# Duda impedancias



## C o n d e (May 15, 2007)

Hola. Soy nuevo en este foro y me presento con una pequeña duda. Actualmente dispongo de una mesa de mezclas cuya impedancia a la entrada de auriculares es de 32 ohm. Primer punto, me podéis definir sin muchos tecnicismos q es la impedancia y q pasa si coecto unos auriculares de mayor o menor impedancia? Y segundo, he estado mirando auriculares y estoy entre los sony mrd v700 y los sennheiser hd25; los primeros tinen una impedancia de 24 ohm y los segundos de 70. ¿Cuál de los dos es mejor para mi? Gracias y un saludo!


----------



## tiopepe123 (May 15, 2007)

En principio la idea que debes tener es "Sin tecnicismos":

Tienes una cañeria de agua y la quieres unir con otra cañeria con un manguera.
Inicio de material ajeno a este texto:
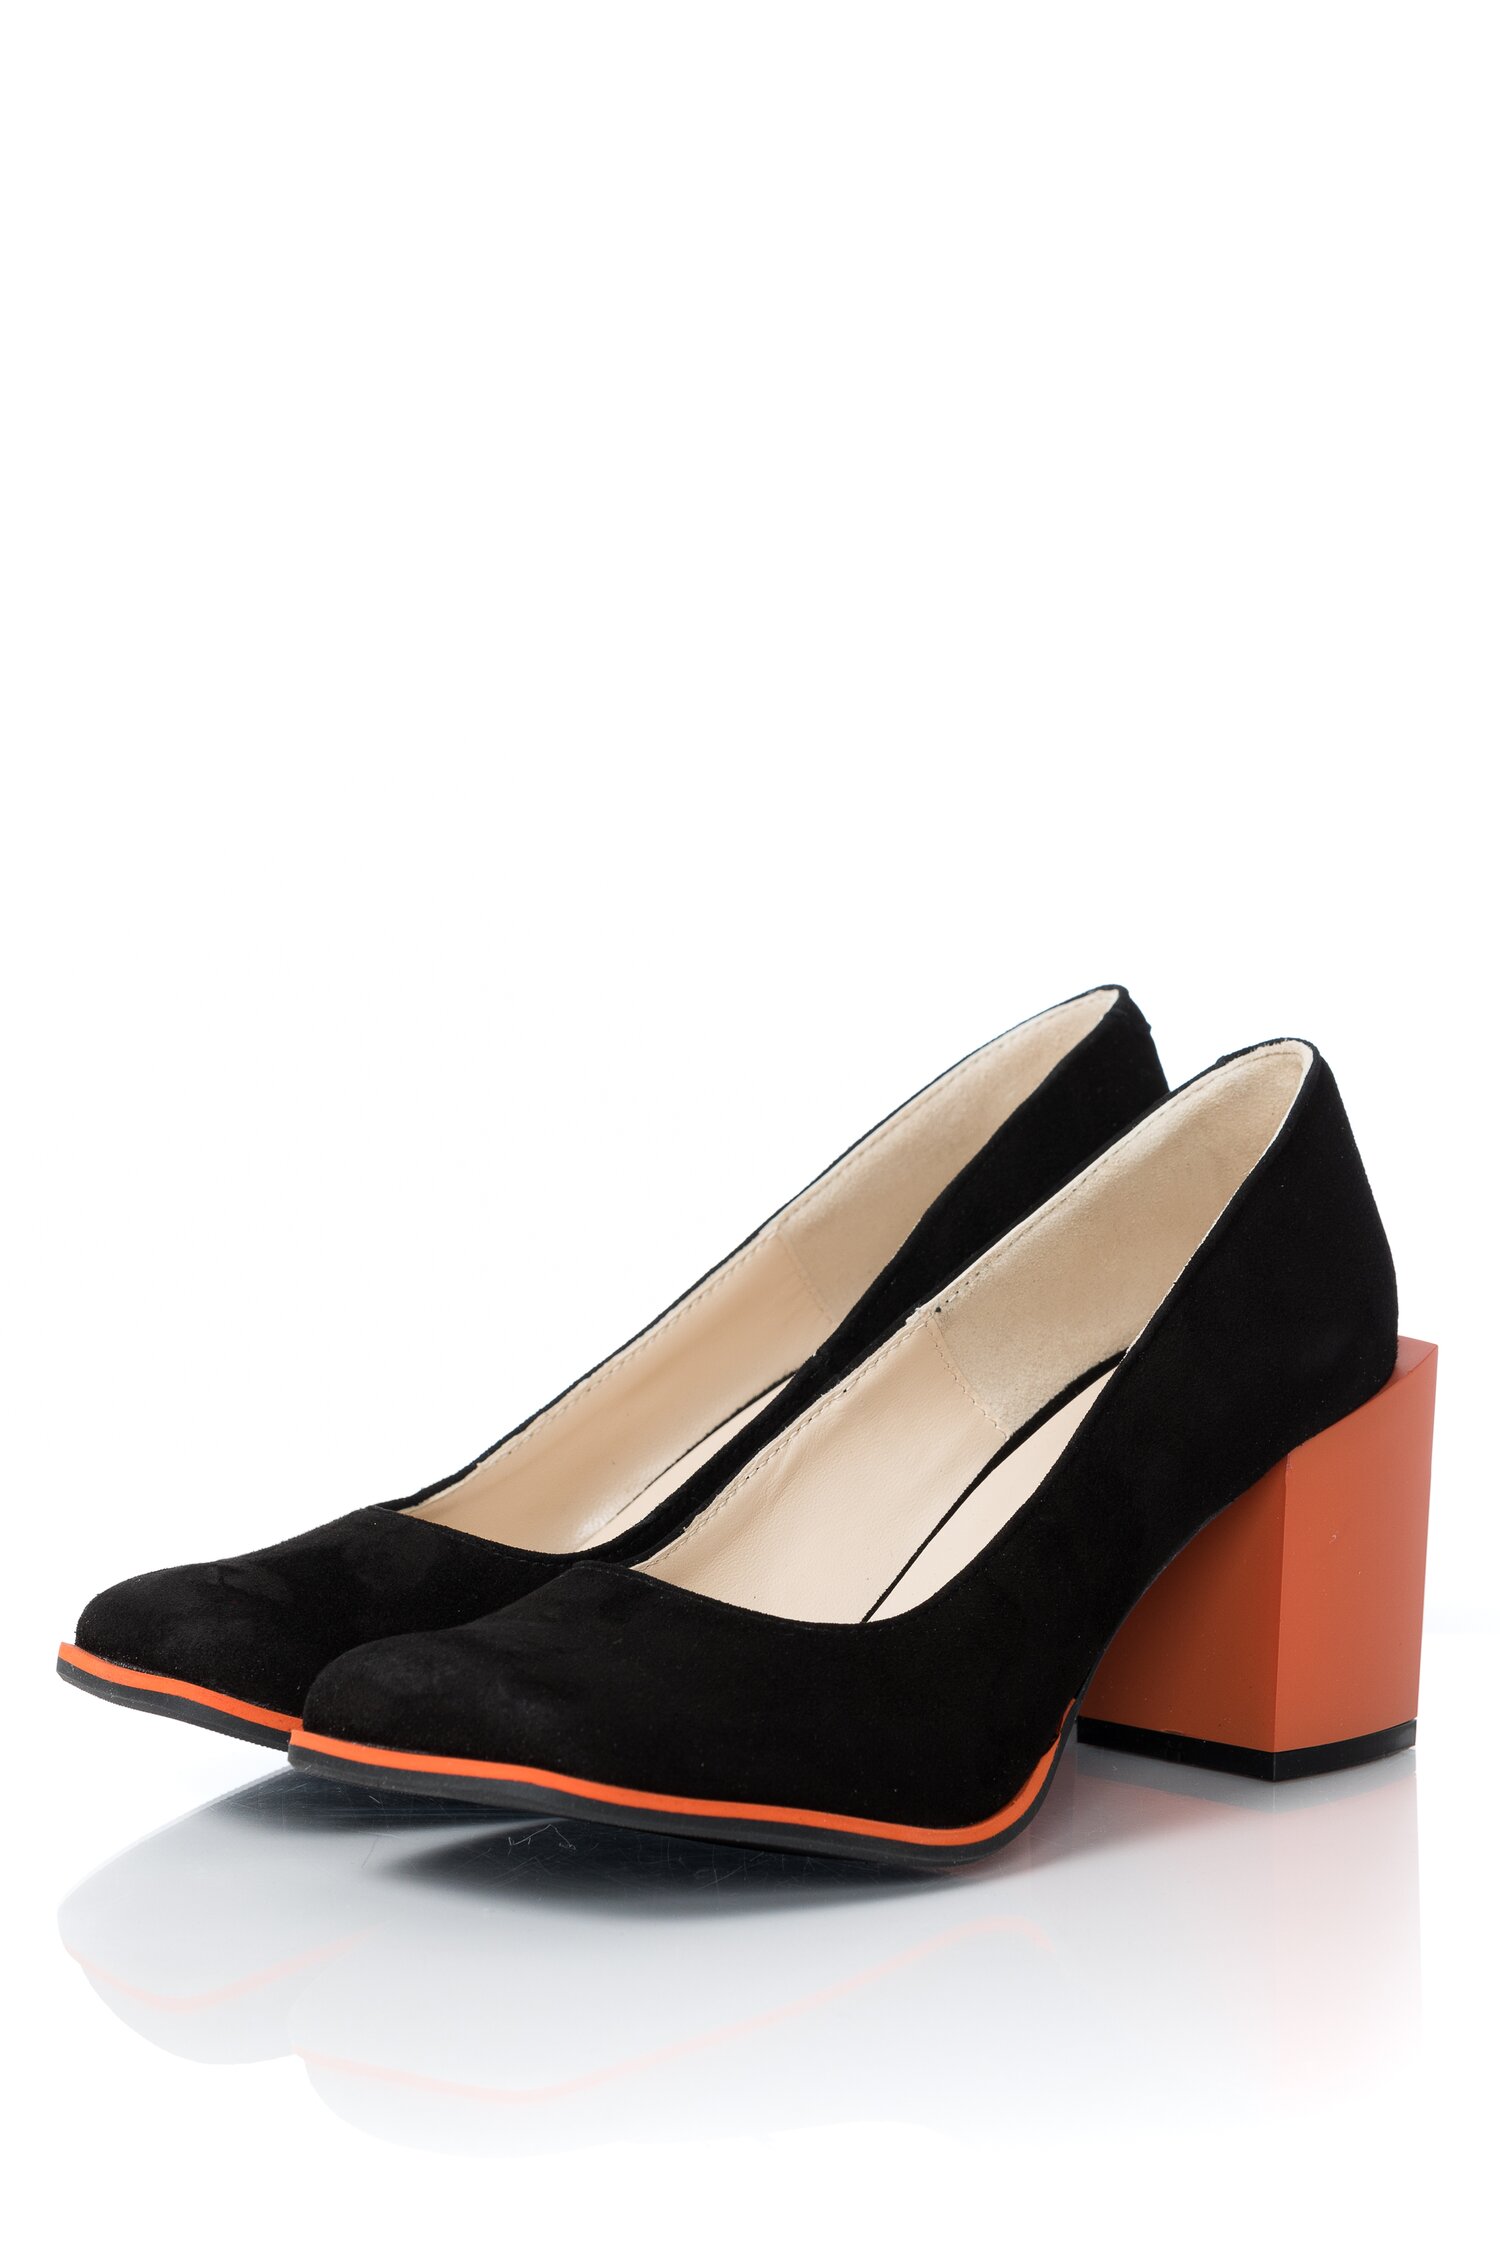 Pantofi Tania negri cu toc portocaliu dyfashion.ro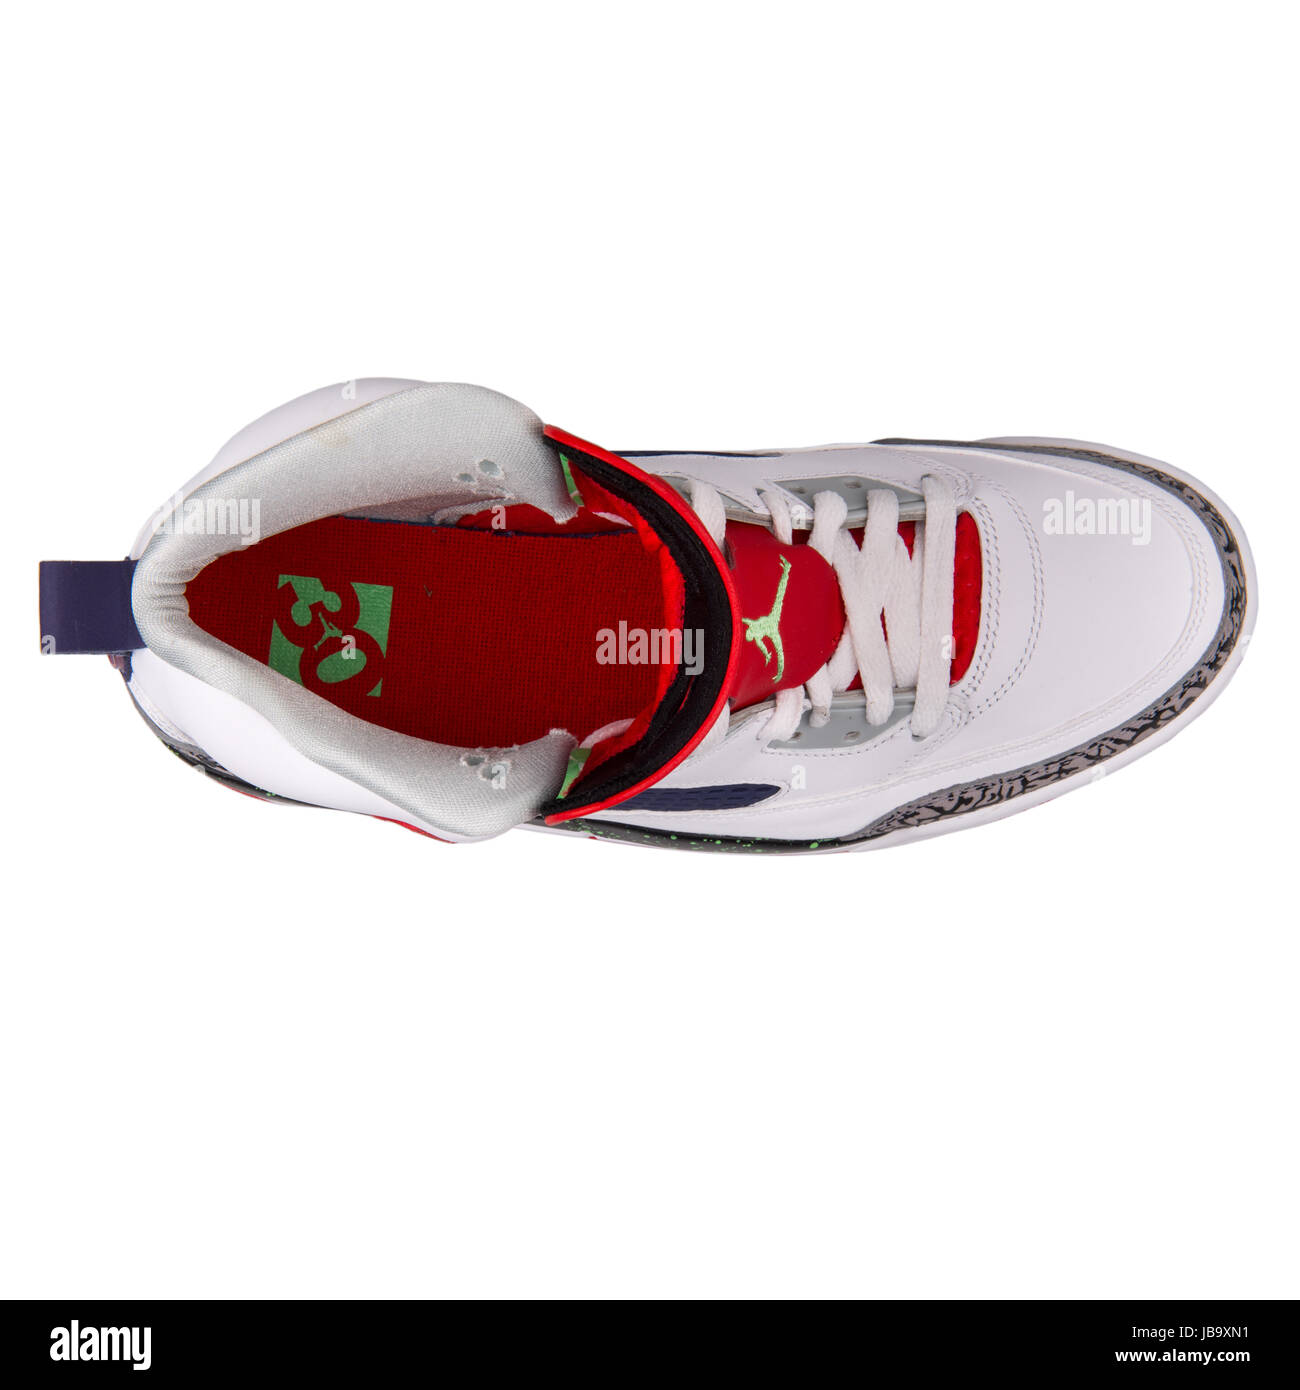 Nike Jordan Spizike weiß, schwarz, rot und Neon grün Herren  Basketball-Schuhe - 315371-132 Stockfotografie - Alamy

Si la manguera es demasiado grande el agua chorreara
Si es demasiado pequeña chorreara
Si casi ajusta el agua circula pero se escapa, goteando y dejandote perdido
Si es justo la medida todo funciona bien, aunque la familia se rie y te dice a la tercera va la vencida.


Pues lo mismo, siempre debes aproximarte a la impedancia que te dice el fabricante, pero si es un diferente no pasa normalmente nada, gotea, pierde potencia (traduce normalmente en calor, distorsion..).

Normalmente con los auriculares no creo que tengas muchos problemas, 

Haber si hay alguien de sonorizacion que te comente que marca le gusta mas.


----------



## C o n d e (May 15, 2007)

Ey muchas gracias, con el ejemplo de las tuberías lo he comprendido. Lo único es q me gustaría saber qué pasa si conecto auriculares con una impedancia menor y otros con una mayor respectivamente. Gracias y un saludo


----------



## Manonline (May 15, 2007)

La impedancia solo influye en la potencia que vaya a entregar el amplificador.

Entonces si vos pones un auricular con menos impedancia va a sonar mas "fuerte" (no quiere decir que mejor) y si pones uno de mayor impedancia va a sonar mas bajo...

Si pones de mas no pasa nada... pero si pones MUCHO mas bajo que de la impedancia de salida recomendable se pueden quemar los auriculares o la salida de la mezcladora.


----------